Выбрать главу

Принципиальная, даже не лишенная внутренней патетики позиция филолога-мыслителя — ее мы попытались описать — требует не просто уважения, а вникания в ее собственную истину, в ее, быть может, правоту? Ну, самое неинтригующее, поверху лежащее объяснение — влиянием Бахтина, который, как показано в его философском портрете Бочаровым-мемуаристом, не сочувствовал «сведению концов с концами» и согласованию чего бы то ни было в «эпическую гармонию». Диалог видится тотальным и незавершимым: спорят персонажи, творцы, культурные эпохи, понимая (вопреки О. Шпенглеру — М. Гаспарову), но и переиначивая друг друга, и нет ни у кого права на последнее слово. Однако Бочаров — не эпигон коренных бахтинских понятий, он их учитывает лишь там, где это нужно его идущей своим путем мысли.
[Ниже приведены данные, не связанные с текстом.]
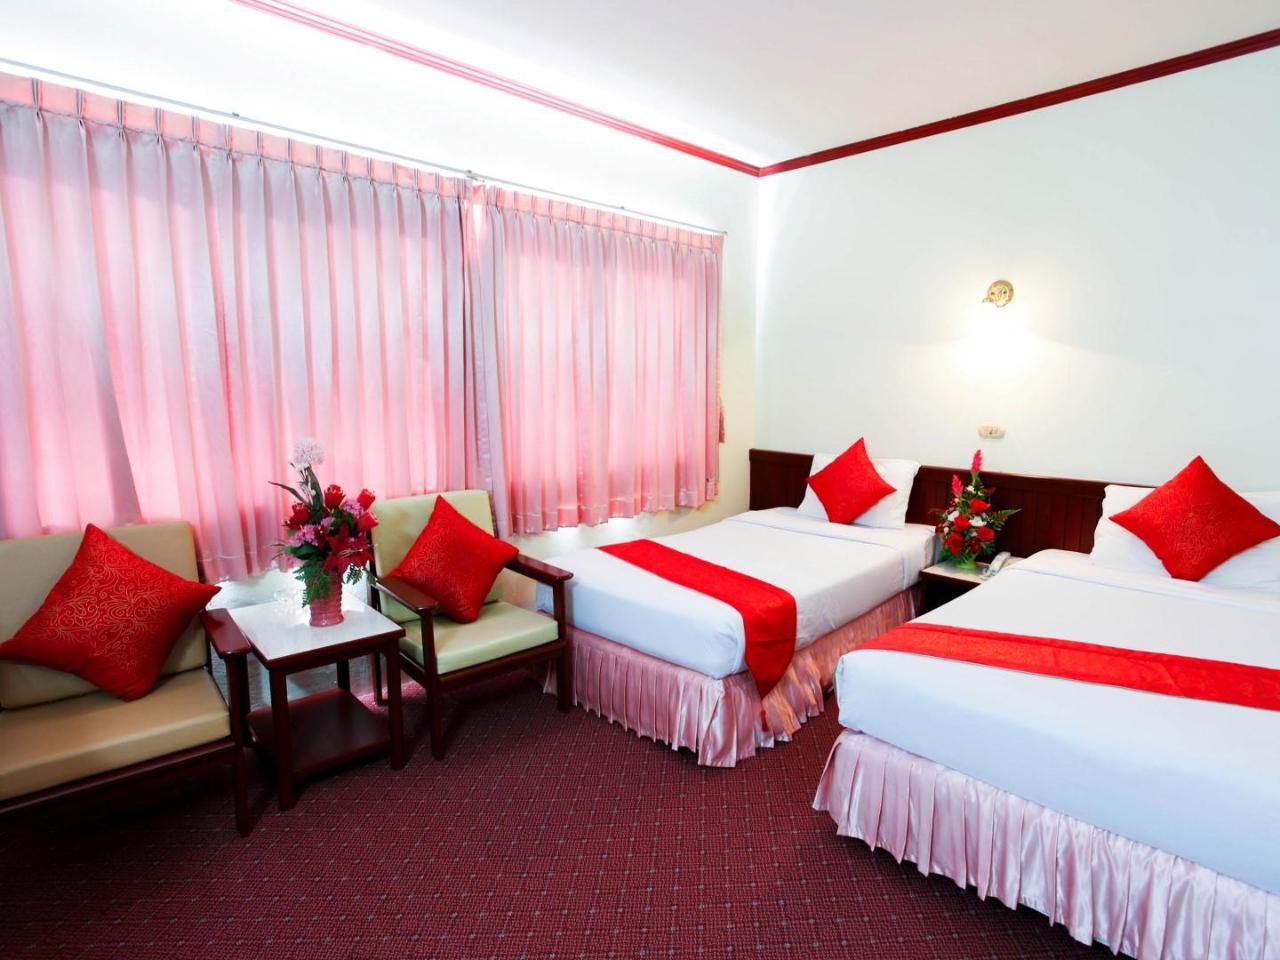 โรงแรมชุมพร พาเลซ (Chumphon Palace Hotel)
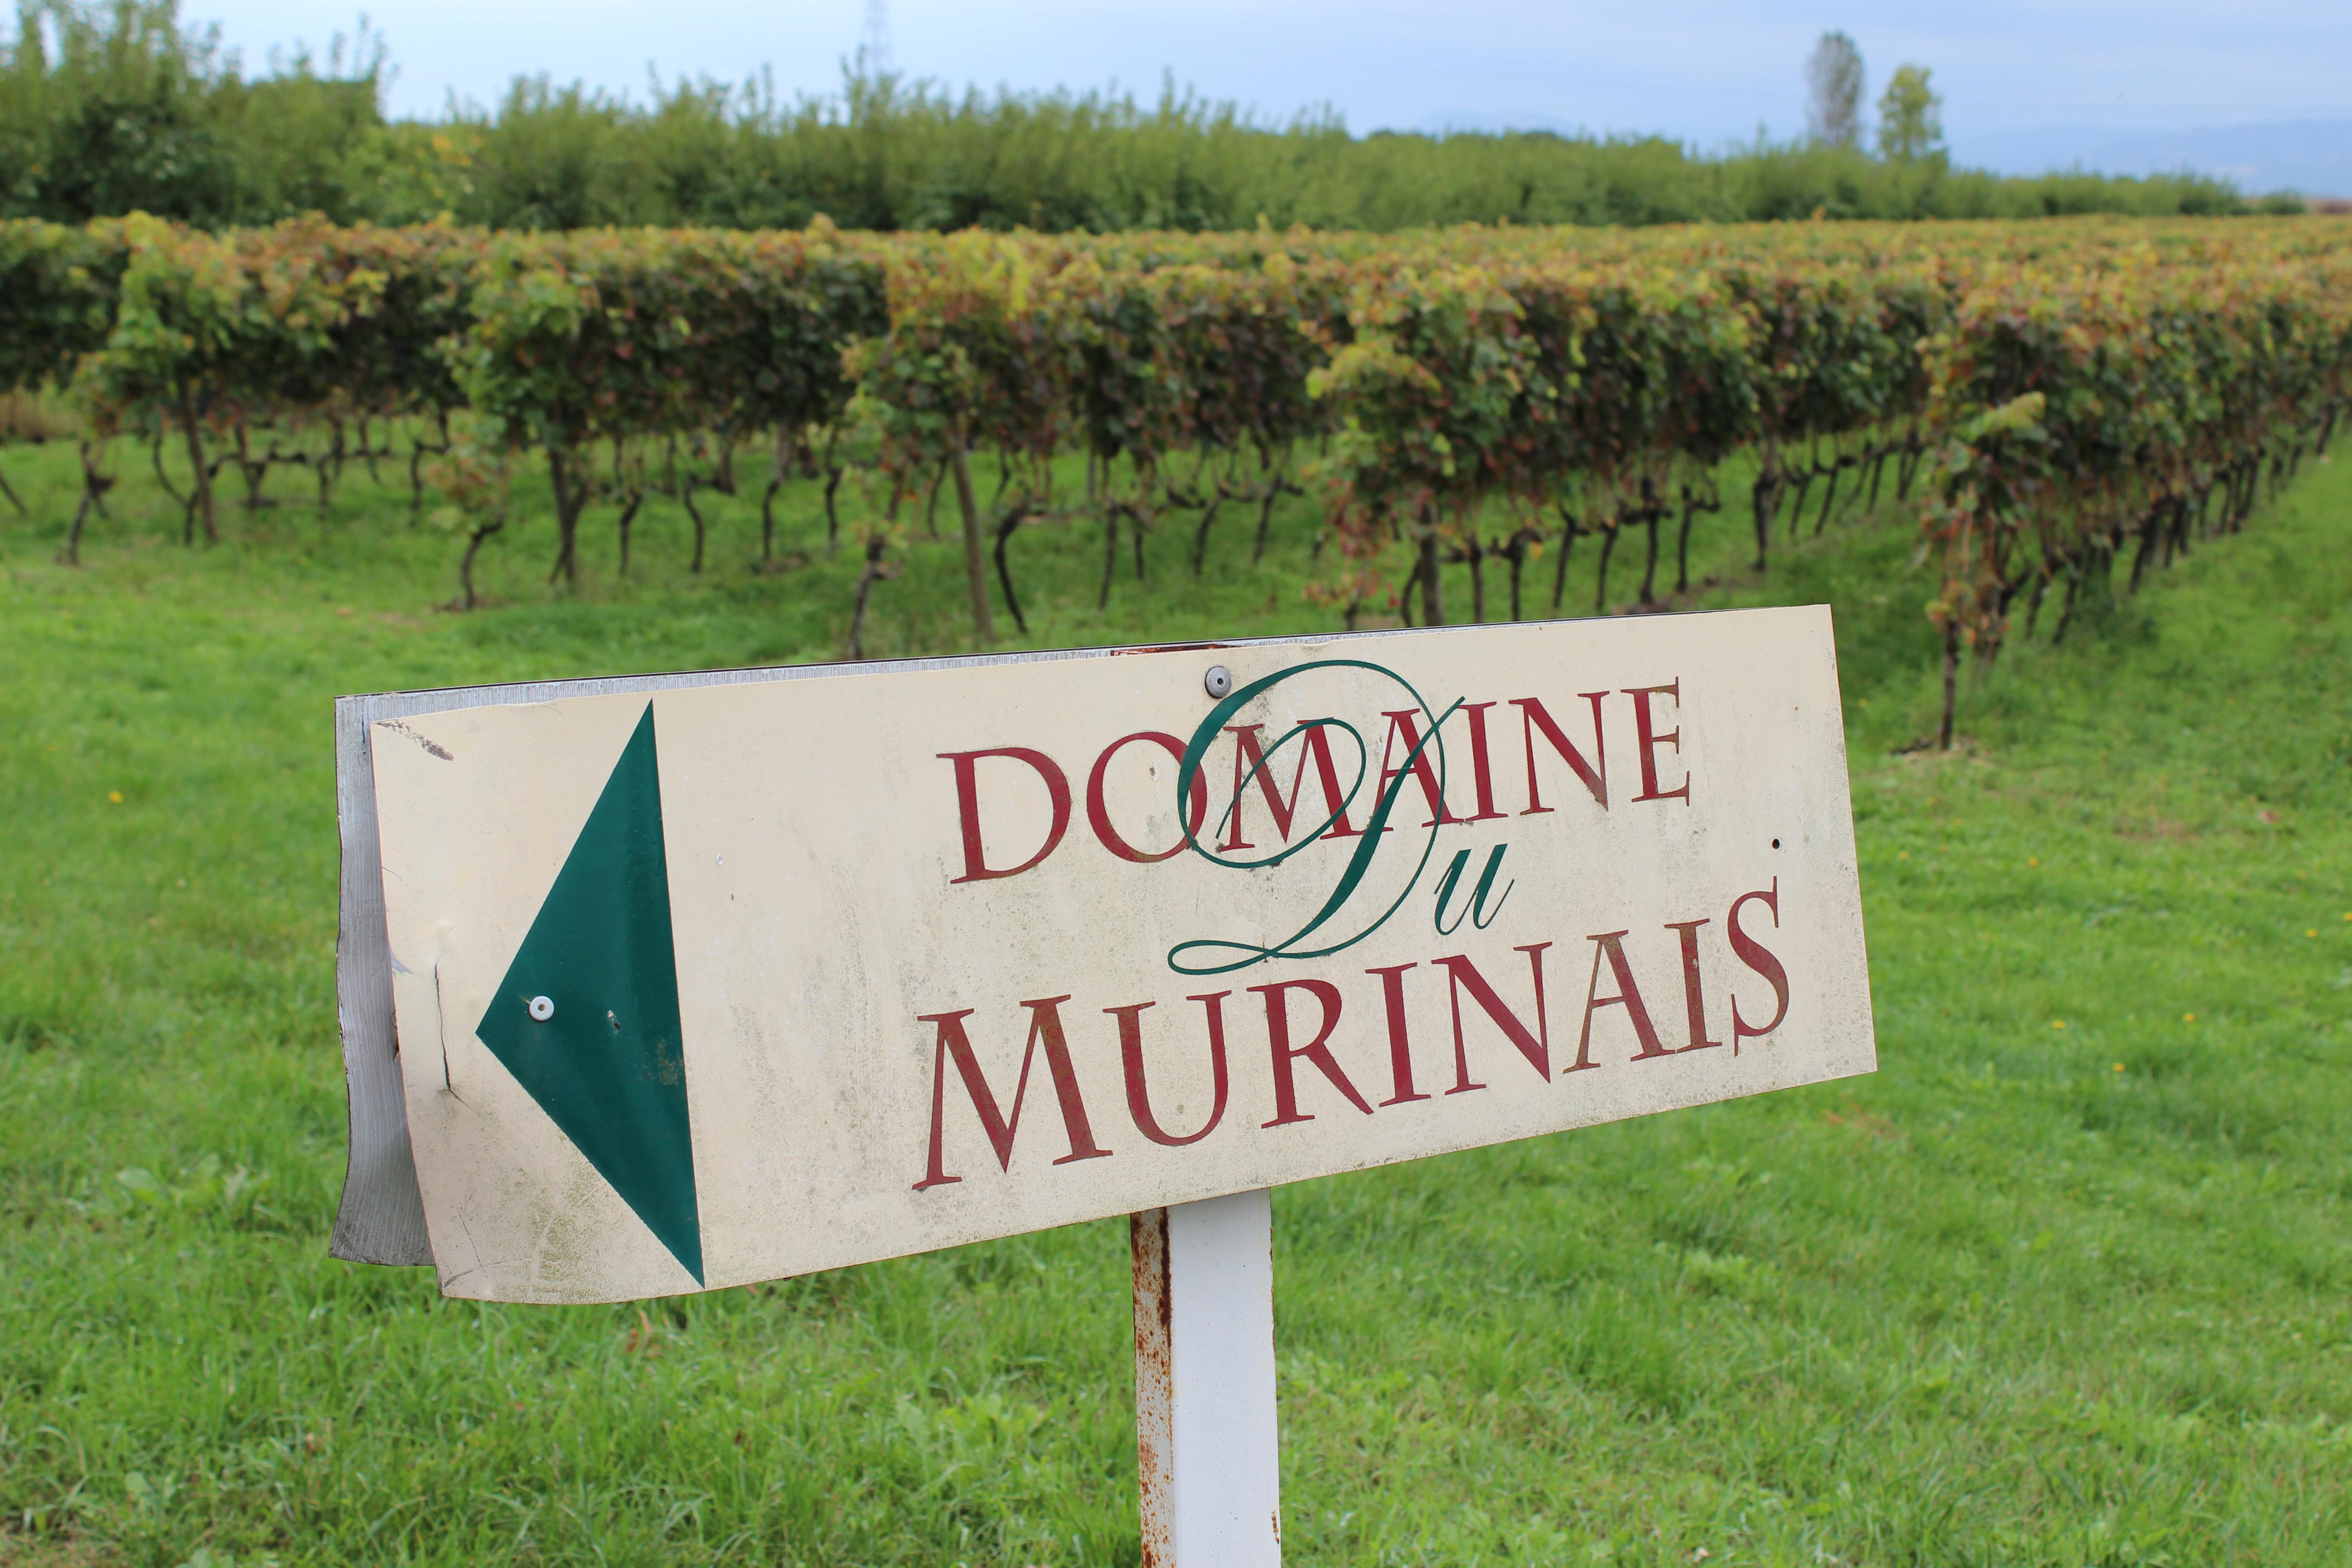 Domaine du Murinais

И все же без Бахтина не обойтись — в другом, менее очевидном отношении. Бочаров — такой же персоналист, как и тот. Святыня лица, «нежность» к лицу, а не только его филологическое освидетельствование для него важней всего. Он пишет о тех, кого любит, и тех, кого любит, — не судит. Конечно, можно съязвить, что сами его «объекты» не того ранга, чтобы лезть к ним с поучениями. Но нет, не противопоказанная ответственному уму почтительность — именно любовь к лицу побуждает Бочарова не применять ранящей методики вскрытия, оставляя речи каждого в их недоговоренности, с их «бледнеющими промежутками» (К. Леонтьев) 6. «Досказать речь Диотимы» в Платоновом «Пире» — на такое мог решиться разве что Владимир Соловьев, за что и прослыл доктринером.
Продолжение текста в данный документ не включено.